… It’s a very amusing play …
You will laugh a lot at Philip Roth in Khartoum — the laughter bursts out, as in a Roth novel, from marvelous, ironic observations of vivid contemporary characters and their interactions. And it’s a joy to watch the cast’s delight in pulling the humor and emotion out of the well written dialogue. And all of that’s available for the price of a movie, because the Labyrinth Theater sees the play as a work in progress.
What happens when four sophisticated, intelligent couples, sexually dissatisfied and with a few other contemporary stresses thrown in, get together for a party? The play asks whether extreme sexual moments — exhibitionist nudity, explicit sexual description, bestiality, etc. — lead to resolution of significant life issues and, ultimately, to something this play calls “truth.” In the course of the evening — ours and the characters’ — no-matter-what sexual honesty and truth are amalgamated to the point where one loses track of which is which — as in the game they play, Truth or Dare.
When the sexual track runs thin, the focus shifts to enthusiasm for travel to Khartoum to somehow do good there for others. By the way, there’s never any question of Philip Roth going to Khartoum — only whether he’ll make it to the party. Another leitmotiv is that the couple among the four at whose TriBeCa loft the party takes place have an autistic child, unseen in the next room though not unheard, who is loved but not accepted, and to the extent that there is a resolution to this play, it involves that child.
… that still has a way to go …
“We’re still experimenting … the actors have only rehearsed for two weeks…”, Labyrinth begins by explaining. The actors work beautifully together, though, and everything went smoothly except for an unscripted coffee spill and the delayed appearance of a prop, both of which got big, warm laughs from the audience. But the play still does have farther to go to locate its significance. Does the sexual brouhaha create any change? What was all that about Khartoum anyhow? Did it effect anyone’s insight? or emotions? One character seems to undergo some emotional change but it seems pasted on. Why should we believe in it? And why does everyone else get left behind?

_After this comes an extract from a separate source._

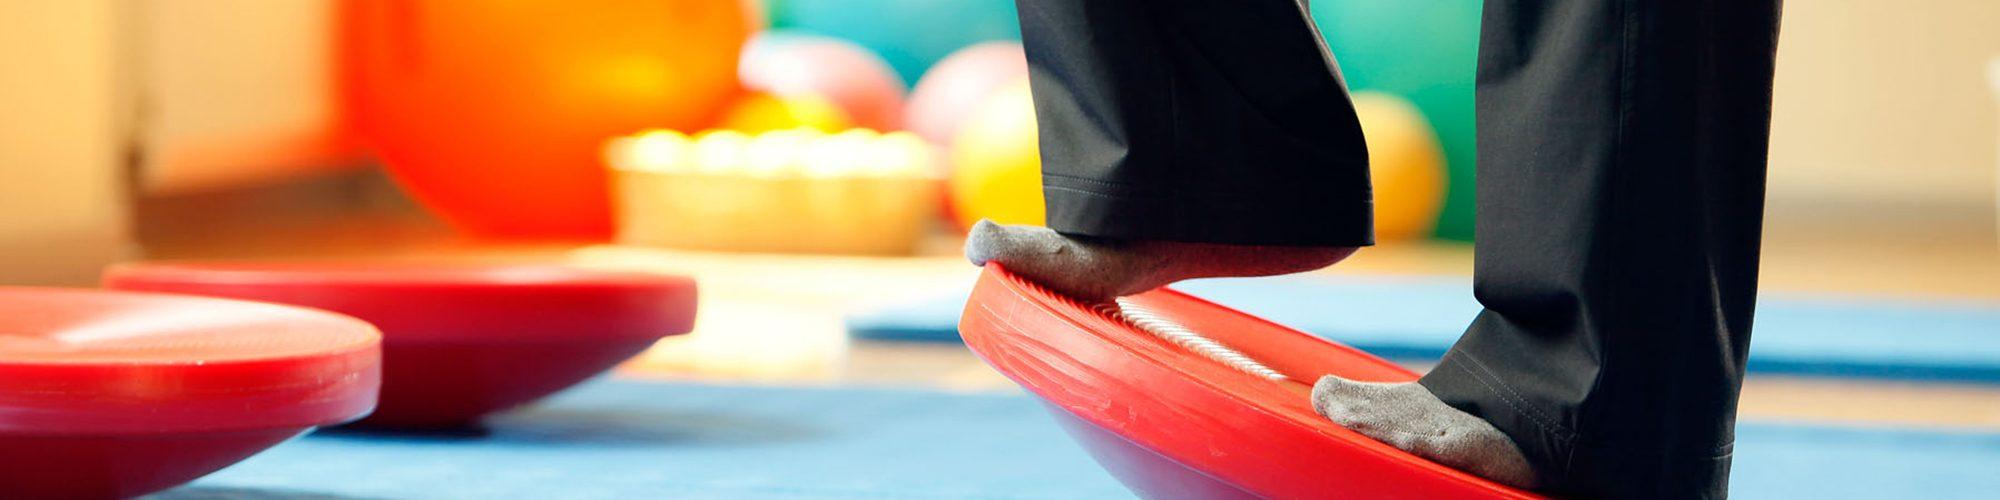 ein Balance-Board
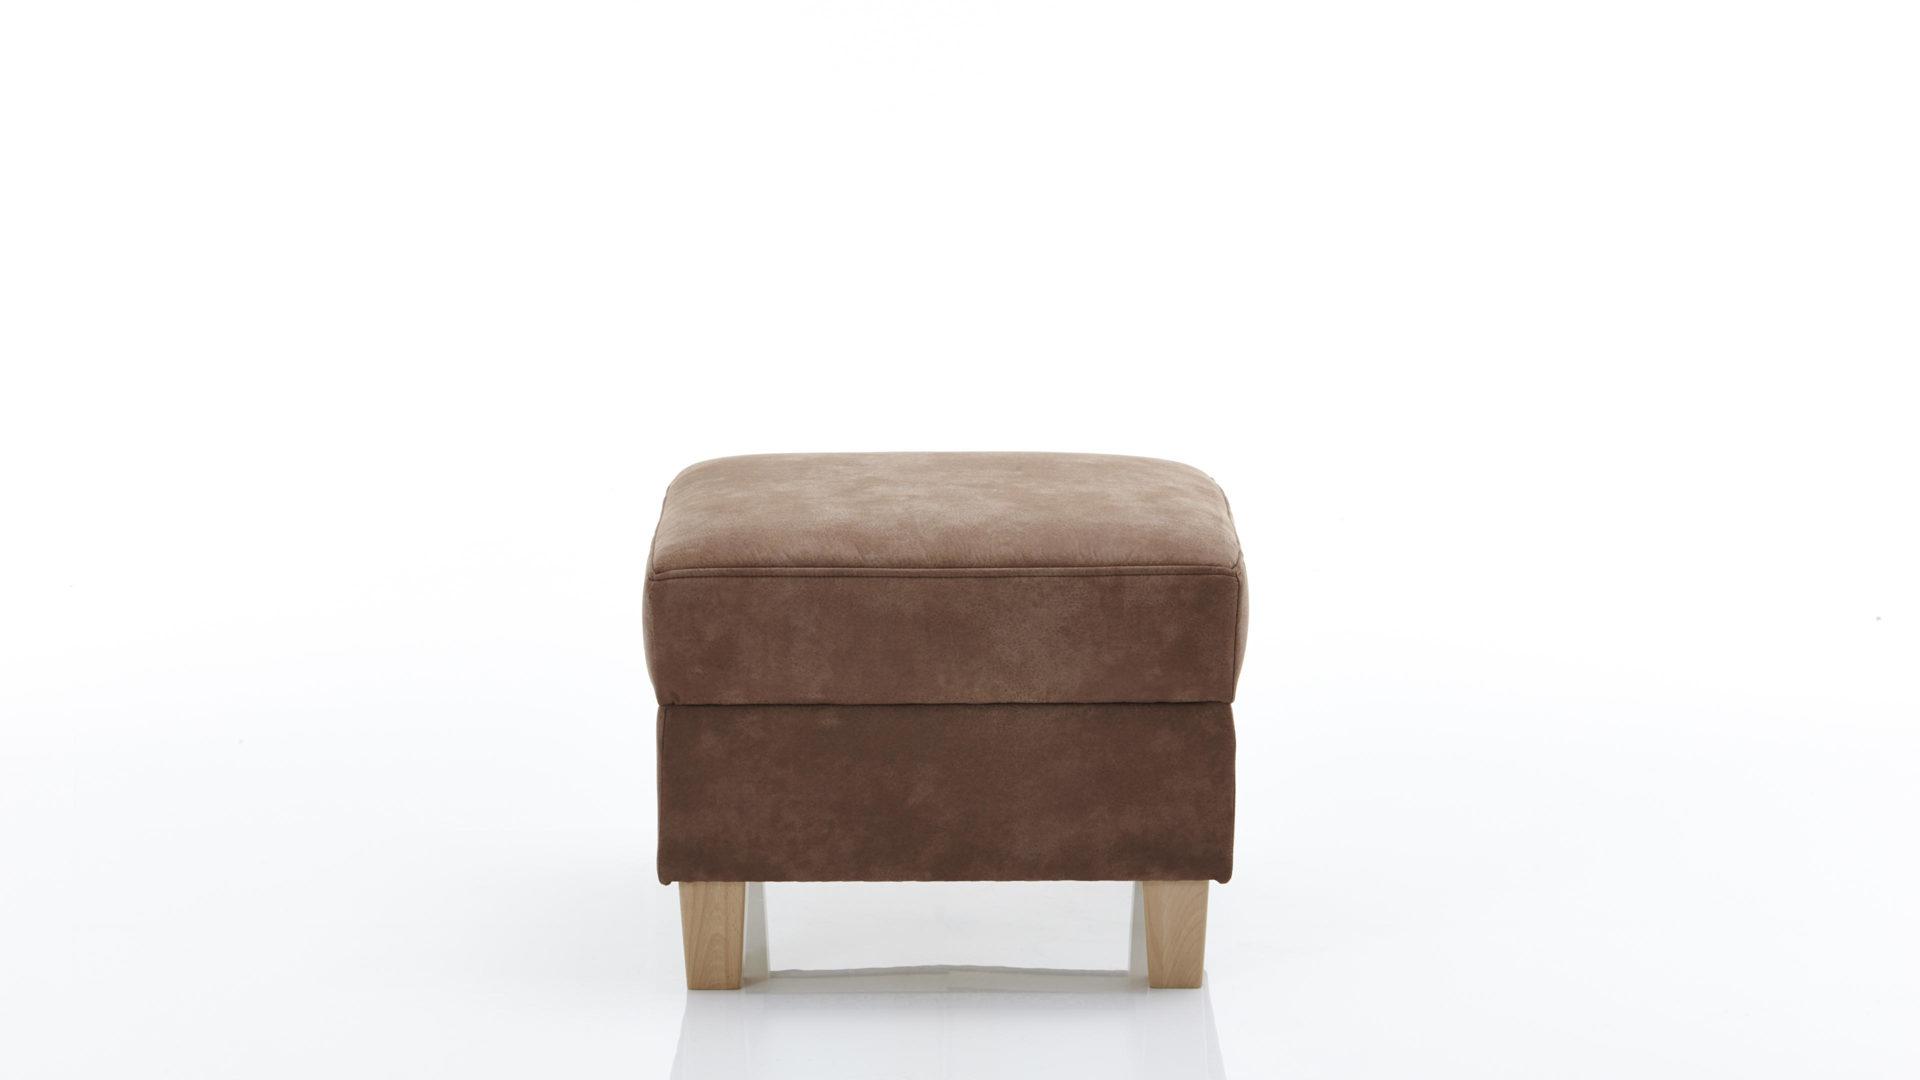 Hocker Mit Stauraum Als Sitzmöbel Mit Charme Espressofarbener Mikrofaserbezug Zeus 6180 Eichenholzfüße Ca 60 X 46 X 60

Philip Roth in Khartoum reminds me of T. S. Eliot’s The Cocktail Party in being about people trying to work out essential life issues at a party, and also of Jean Paul Sartre’s No Exit, because in spite of wit and distractions, no one has a very good time and ultimately they’re all stuck. But it’s different from these because, at least so far, its premise about the resolving power of sex and/or honesty is unfulfilled, and all in all it drops us off near where we started.
Why’s Philip Roth in the title? If you’re fascinated by his novels — the great earlier ones, not the recent skimpy throw-offs (see Indignation, noted here below) — you may wonder as I did whether to see the play looking for Roth. The characterization of Roth the man is way off target, but the play is saturated with a Roth-resembling wit and reference, as well as a will to shock — that’s real, not just name dropping. At certain moments, the play out-Roths Roth. As for why Roth is “in Khartoum,” I still don’t know.
The perfect cast includes: Amelia Cambell, Elizabeth Canavan, Alexander Chaplin, David Deblinger, Jamie Klasse, Michael Puzzo, Jenna Stern and Victor Williams.
Philip Roth in Khartoum is playing at the Public Theater on Layfayette Street in NYC through December 21.